33 L’avantage de la concision réside dans la mise en évidence des schémas. L’histoire

procède par cycles où alternent formation, heure de gloire et décadence. Cependant ces mouvements cycliques se déroulent dans un esprit de perfectionnement. Au-delà de toutes les crises et foisonnements brille la musique moderne :

« il n’a pas fallu moins de mille à douze cents ans pour voir éclore parmi eux [les Français] les Sciences & les Arts.20 »
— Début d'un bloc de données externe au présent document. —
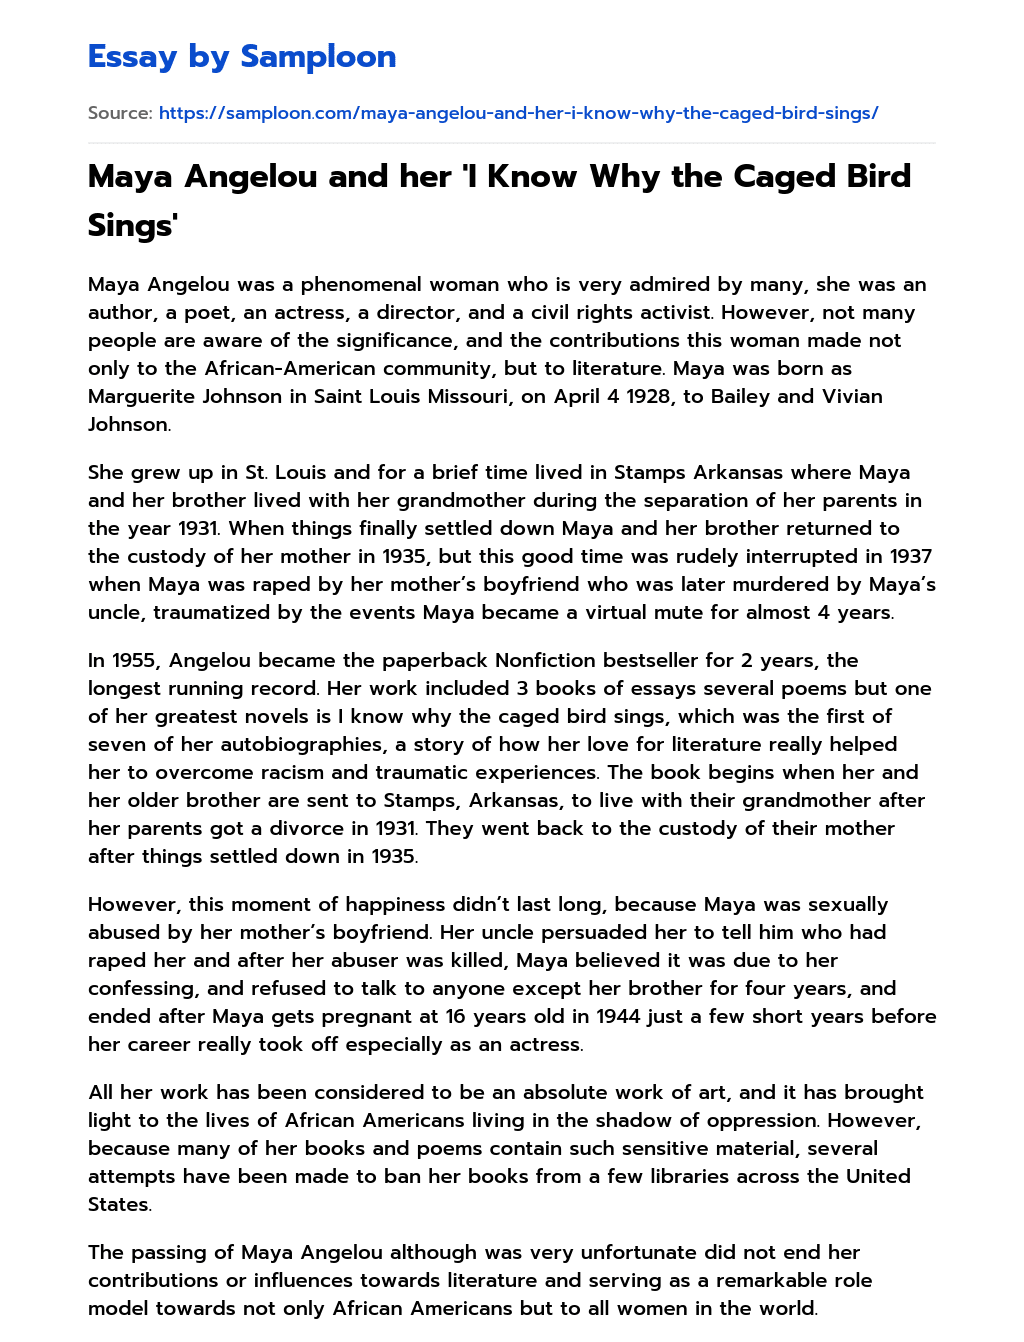 Maya Angelou and her ‘I Know Why the Caged Bird Sings’ essay

34 Pour rendre cohérente cette idée d’incessant perfectionnement, Blainville va tenter de

prouver que les périodes de décadence favorisent, a posteriori, l’éclosion de périodes fertiles :

« Néanmoins si les François se reveillerent enfin de leur engourdissement, si les Arts commencèrent à percer sous le regne de François premier, ce fut la décadence même de l’Empire Romain qui en fut la source ; puisque le principal embelissement de la curieuse Bibliothèque que ce Prince fit assembler, a été dû en partie à la Reine

Catherine de Médicis, surnommé le Pere des Muses, qui les avoit achetés des Turcs, ce

qui n’étoit que les restes du pillage qu’ils avoient fait de la fameuse Bibliothèque Impériale de Constantinople, Capitale de l’Orient, qui après la décadence de Rome étoit devenue le centre des beaux Arts.21 »
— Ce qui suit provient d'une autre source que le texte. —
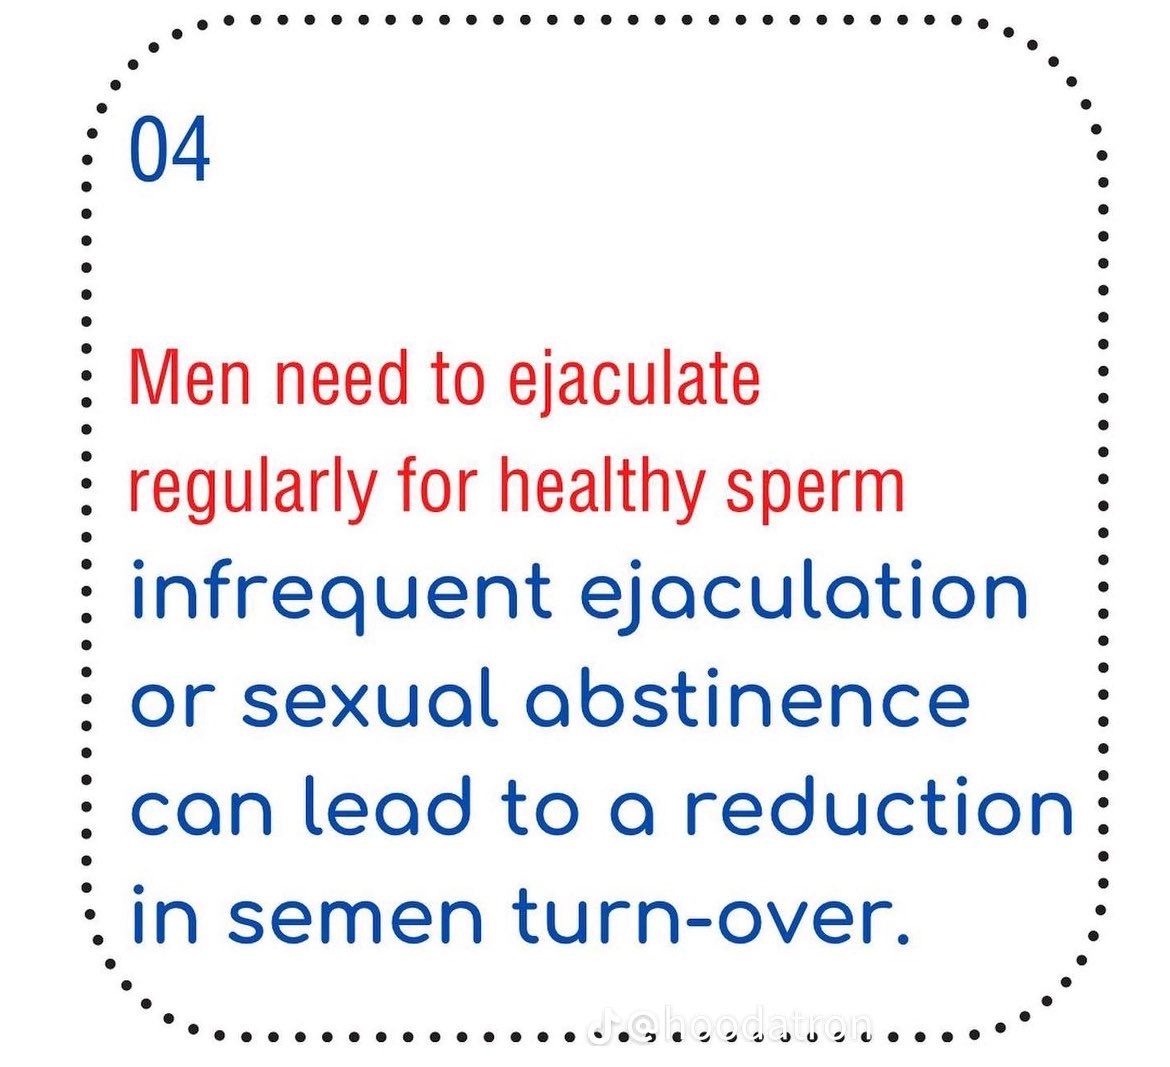 8 facts about the Semen

35 Il s’agit également de minimiser l’importance attribuée à la décadence. La musique ne

connut réellement qu’une seule période de crise et c’est celle qui sépare la fin de l’antiquité du règne de François Ier. Ces siècles restent encore mystérieux à l’historien, comme à beaucoup de non-initiés qui se contentent comme l’avait fait Bonnet- Bourdelot de glâner quelques informations dans Fauchet. Même si l’on pourrait nuancer cette constatation par quelques citations qui montrent Blainville plus précis que ne le fut son prédécesseur de 1715, ses conceptions de cette époque de « barbarie » se ramènent à une exclamation riche de signification :

« Que d’incidens ! que de catastrophes ! que de bouleversemens l’Europe n’eut-elle pas à essuyer avant que le désordre qu’avoit apporté la ruine de l’Empire Romain fût en quelque sorte rétabli !22 »
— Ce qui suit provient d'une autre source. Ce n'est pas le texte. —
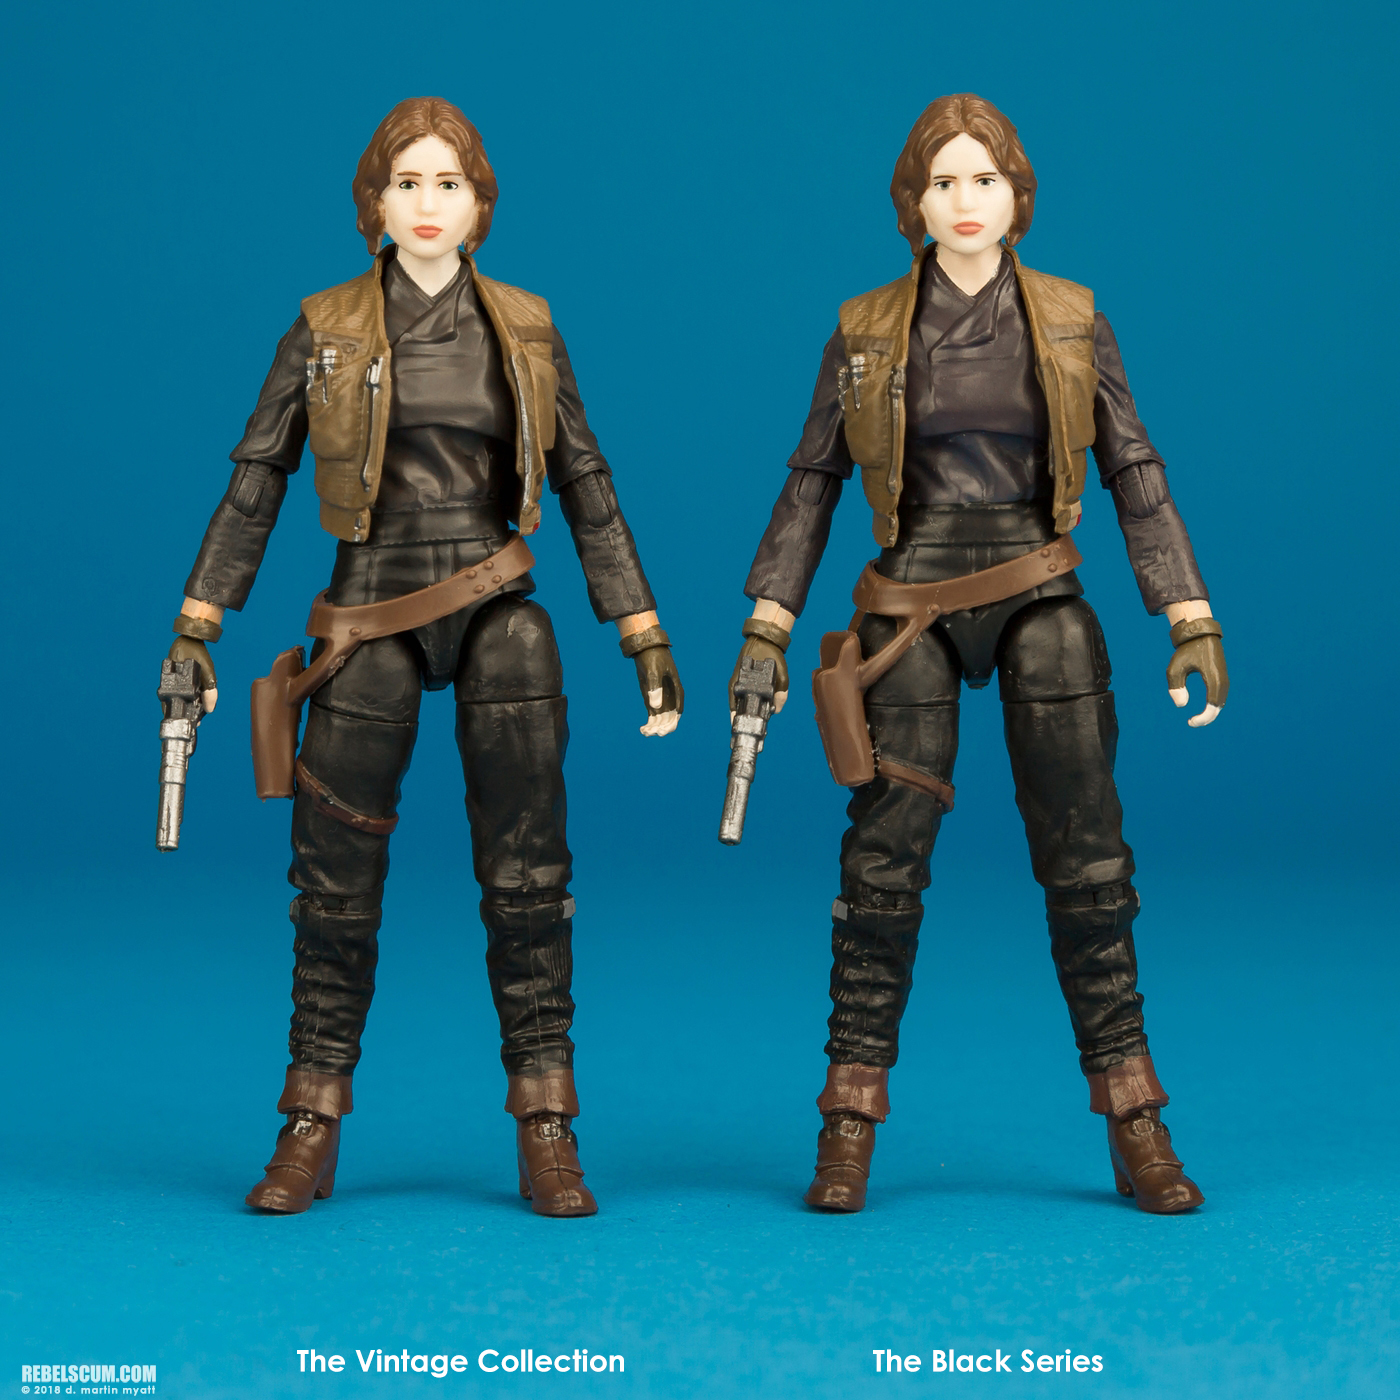 VC119-Jyn-Erso-The-Vintage-Collection-Hasbro-013.jpg

36 L’Histoire générale de Blainville s’inscrit dans un mouvement qu’avait inauguré l’Histoire

de la musique et de ses effets de Bonnet Bourdelot pour l’historiographie musicale ; la

liaison des transformations de l’art musical au rythme dynastique ou plutôt la justification des unes par l’autre. Charlemagne, François Ier et Louis XIV sont les principales figures provocatrices d’innovations. La brièveté du texte de Blainville et son orientation vers une chronologie dynastique conditionnent les réitérations de formules génériques : « sous le règne de » devient le symbole d’un changement, d’un perfectionnement. Pourtant, ces grandes orientations n’effacent pas le caractère anecdotique qui transparaît au long de cette histoire. C’est là une tradition qui remonte aussi à Bonnet-Bourdelot et une conséquence de cette insistance sur le rôle des monarques. Blainville se sent comme obligé de justifier ces allusions aux souverains en relatant leurs expériences musicales même si elles ne revêtent aucune importance pour l’évolution générale de l’art.

37 Il serait injuste de condamner l’œuvre de Blainville. Il apparaissait cependant déjà,

lorsque furent examinées ses théories sur l’origine de la musique, que l’auteur était peu au courant des recherches historiques les plus récentes. Cette volonté de faire bref dans un cadre général connu de tous les lecteurs potentiels ne résulte-t-elle pas d’une intention de vulgarisation ? Le traité de Blainville pourrait être considéré comme un livre pour amateurs éclairés, mais des amateurs de 1710 et non de 1750 ! Même cette interprétation ne reflète sans doute pas une vérité difficile à énoncer : l’Histoire générale

de Blainville appartient à une catégorie d’ouvrages médiocres aux intentions présomptueuses.